英文:
Merging dataframes on differently-named columns in pandas while only keeping a subset of columns
问题
I have 2 datasets and I need to merge over only specific columns but none of the fields have the same name.
DF1
Name ID Job_Type Emp_Type
Adam 101 Full-Time Employee
Ben 102 Part-Time Contractor
Cathy 103 Part-Time Employee
Doug 104 Full-Time Contractor
Emily 105 Full-Time Employee
DF2
hiring_manager_id hire_type hiring_status hiring_phase name_of_emp
101 Employee Pending Requested NaN
101 Employee Approved Hired Sam
105 Contractor Approved Approved NaN
113 Employee Approved Hired Gabe
119 Contractor Pending Interviewing NaN
I would like to take specific columns and add them to df1
like so:
Name ID Job_Type Emp_Type hire_type hiring_status hiring_phase
Adam 101 Full-Time Employee Employee Pending Requested
Adam 101 Full-Time Employee Contractor Approved Hired
Ben 102 Part-Time Contractor NaN NaN NaN
Cathy 103 Part-Time Employee NaN NaN NaN
Doug 104 Full-Time Contractor NaN NaN NaN
Emily 105 Full-Time Employee Contractor Approved Hired
I tried
df1 = pd.merge(df1, df2[['ID','hire_type','hiring_status','hiring_phase']], on = 'ID', how= 'left')

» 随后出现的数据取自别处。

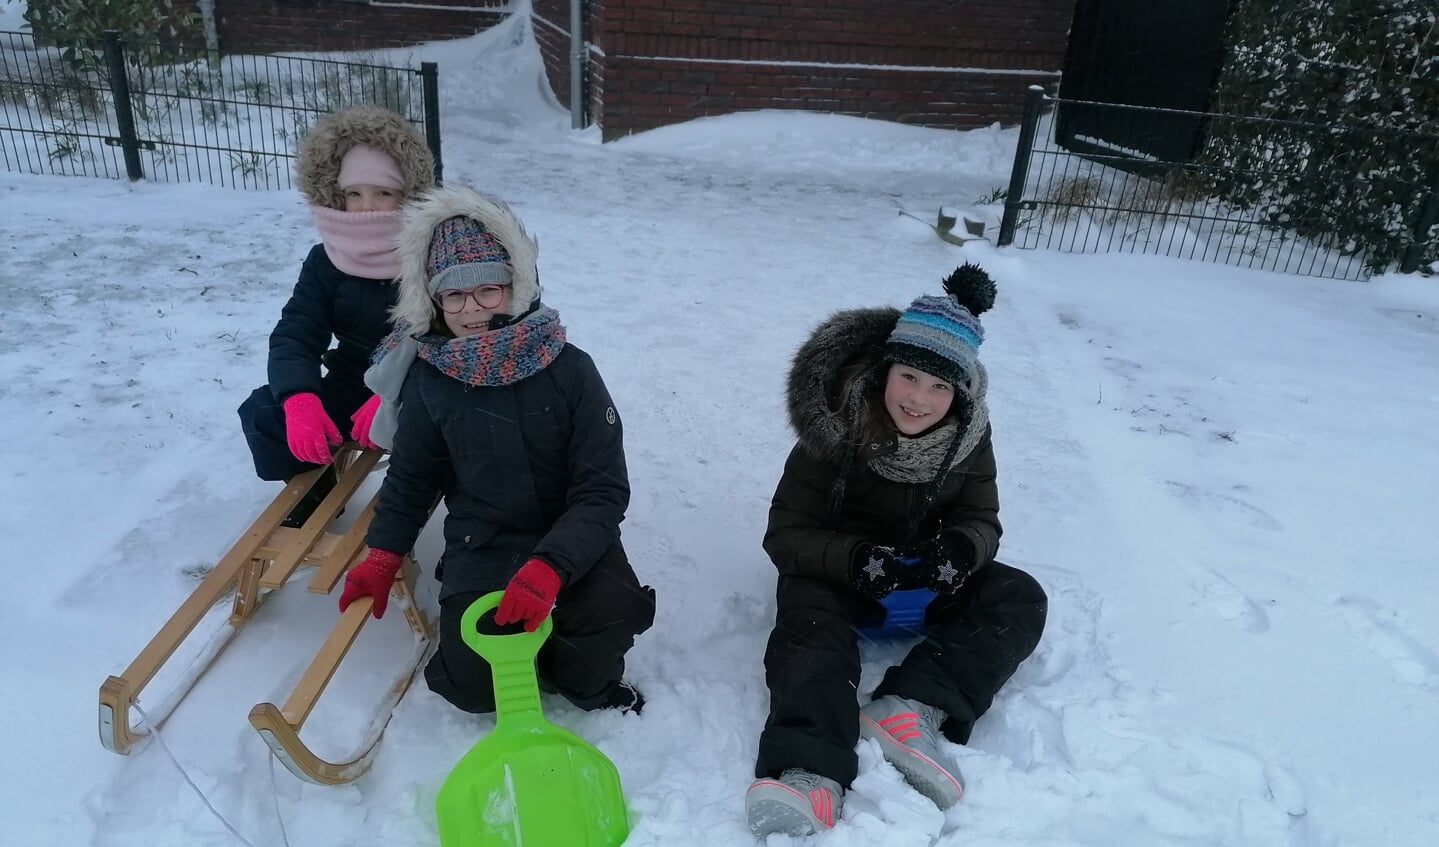 Sanne, Emma en Nikki Heijmans waren vroeg opgestaan om heerlijk in de sneeuw te spelen.
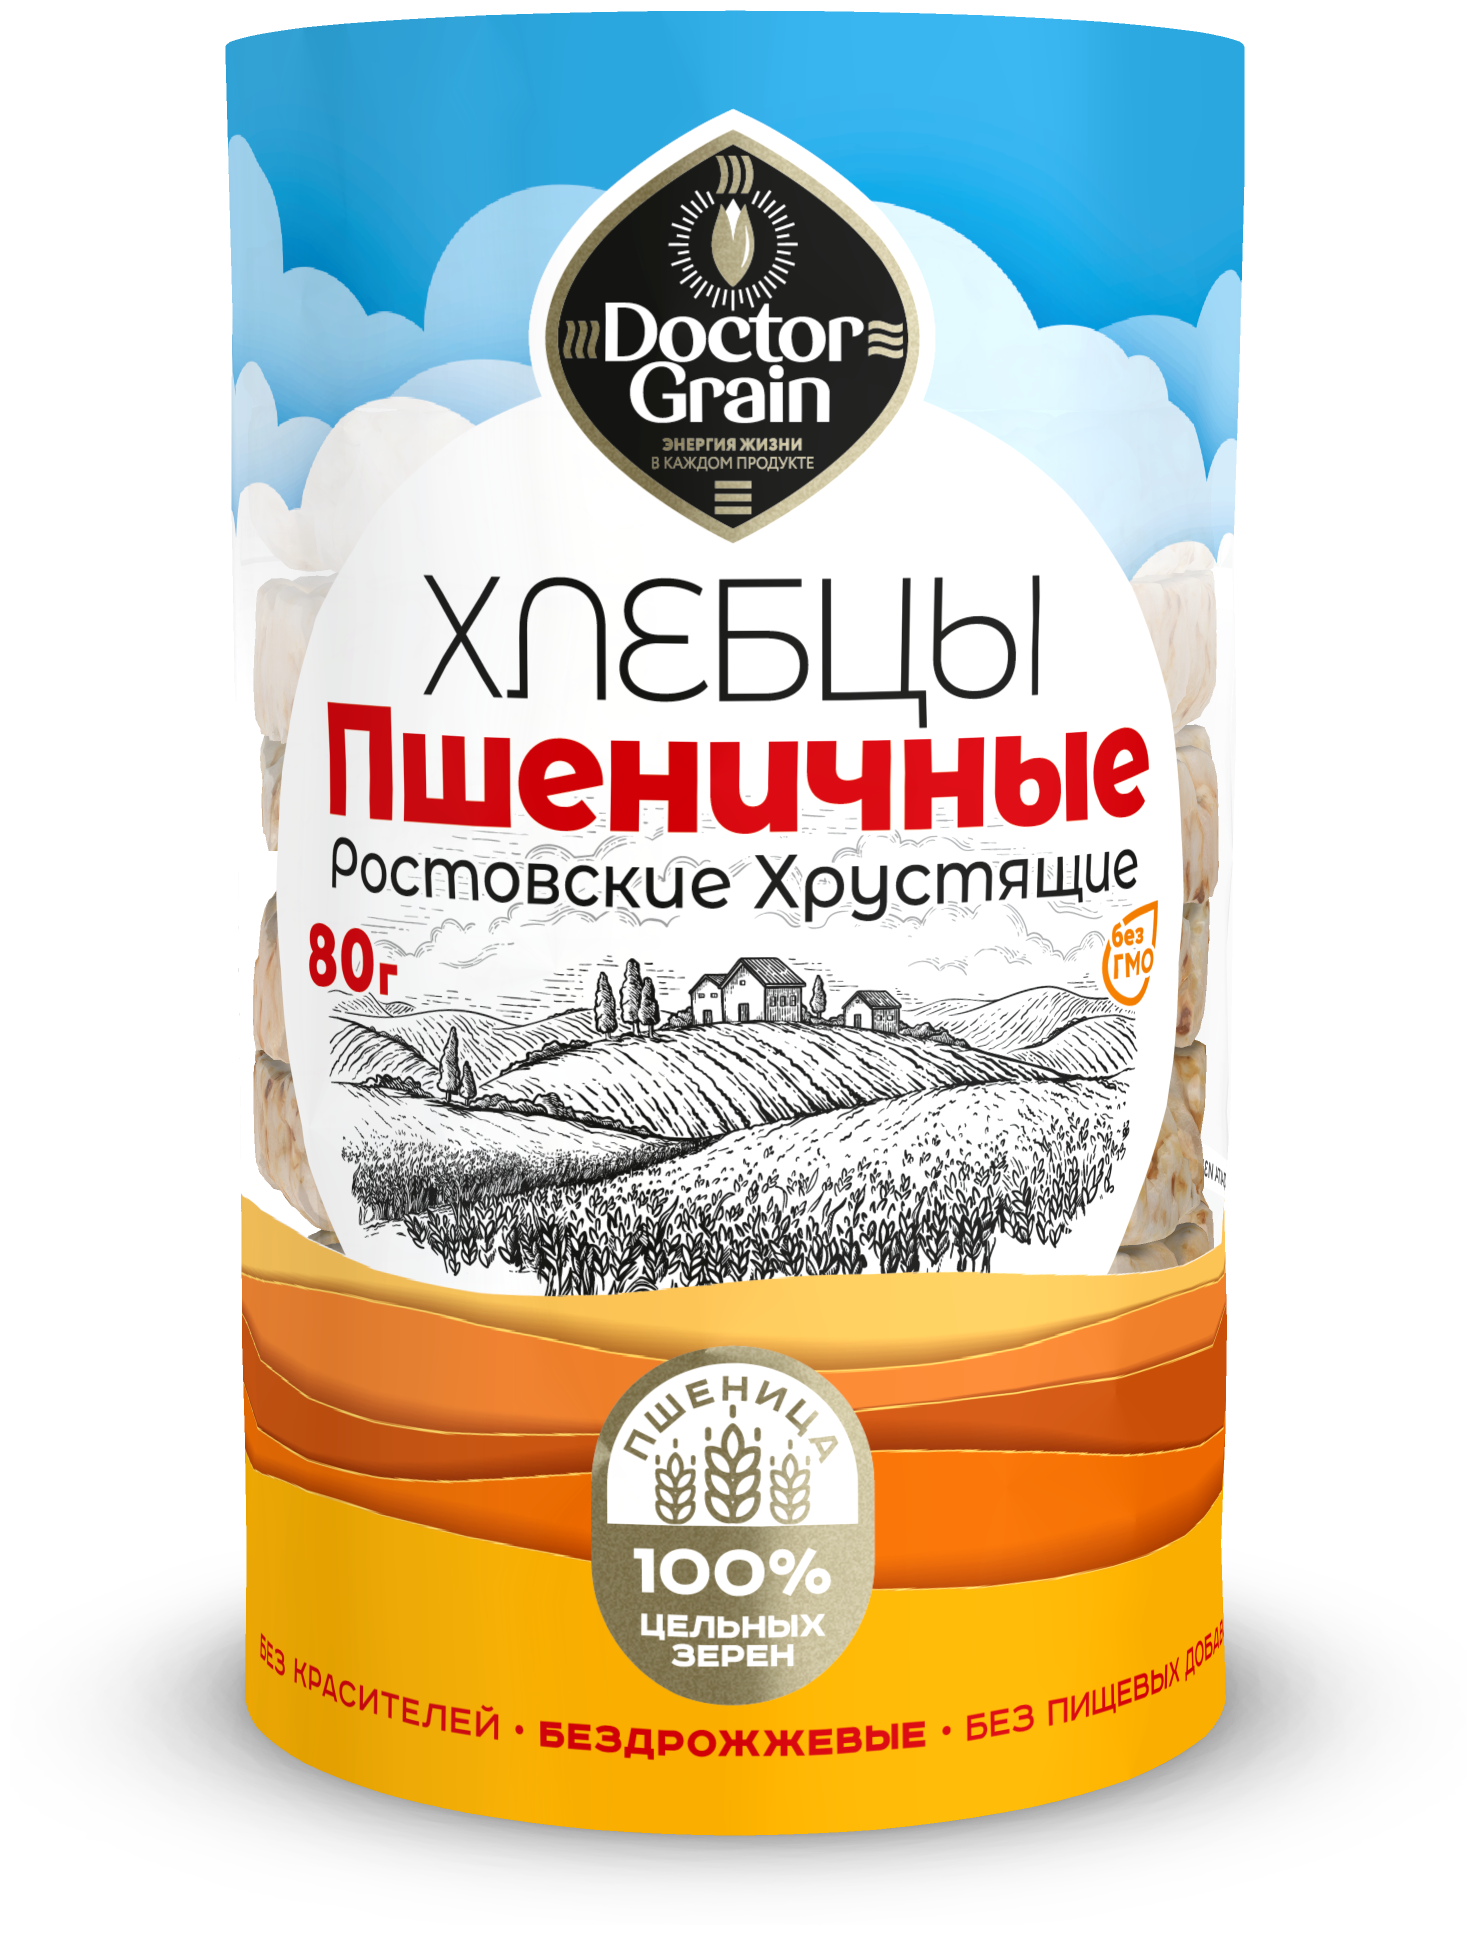 Хлебцы Доктор Граин Ростовские Пшеничные цельнозерновые 80г, здоровый перекус

This caused an error when I tried it.
Any Suggestions? Thank you!
英文:
I have 2 datasets and I need to merge over only specific columns but none of the fields have the same name.
DF1
Name ID Job_Type Emp_Type
Adam 101 Full-Time Employee
Ben 102 Part-Time Contractor
Cathy 103 Part-Time Employee
Doug 104 Full-Time Contractor
Emily 105 Full-Time Employee
DF2
hiring_manager_id hire_type hiring_status hiring_phase name_of_emp
101 Employee Pending Requested NaN
101 Employee Approved Hired Sam
105 Contractor Approved Approved NaN
113 Employee Approved Hired Gabe
119 Contractor Pending Interviewing NaN
I would like to take specific columns and add them to df1
like so:
Name ID Job_Type Emp_Type hire_type hiring_status hiring_phase
Adam 101 Full-Time Employee Employee Pending Requested
Adam 101 Full-Time Employee Contractor Approved Hired
Ben 102 Part-Time Contractor NaN NaN NaN
Cathy 103 Part-Time Employee NaN NaN NaN
Doug 104 Full-Time Contractor NaN NaN NaN
Emily 105 Full-Time Employee Contractor Approved Hired
I tried
df1 = pd.merge(df1, df2[['ID','hire_type','hiring_status','hiring_phase']], on = 'ID', how= 'left')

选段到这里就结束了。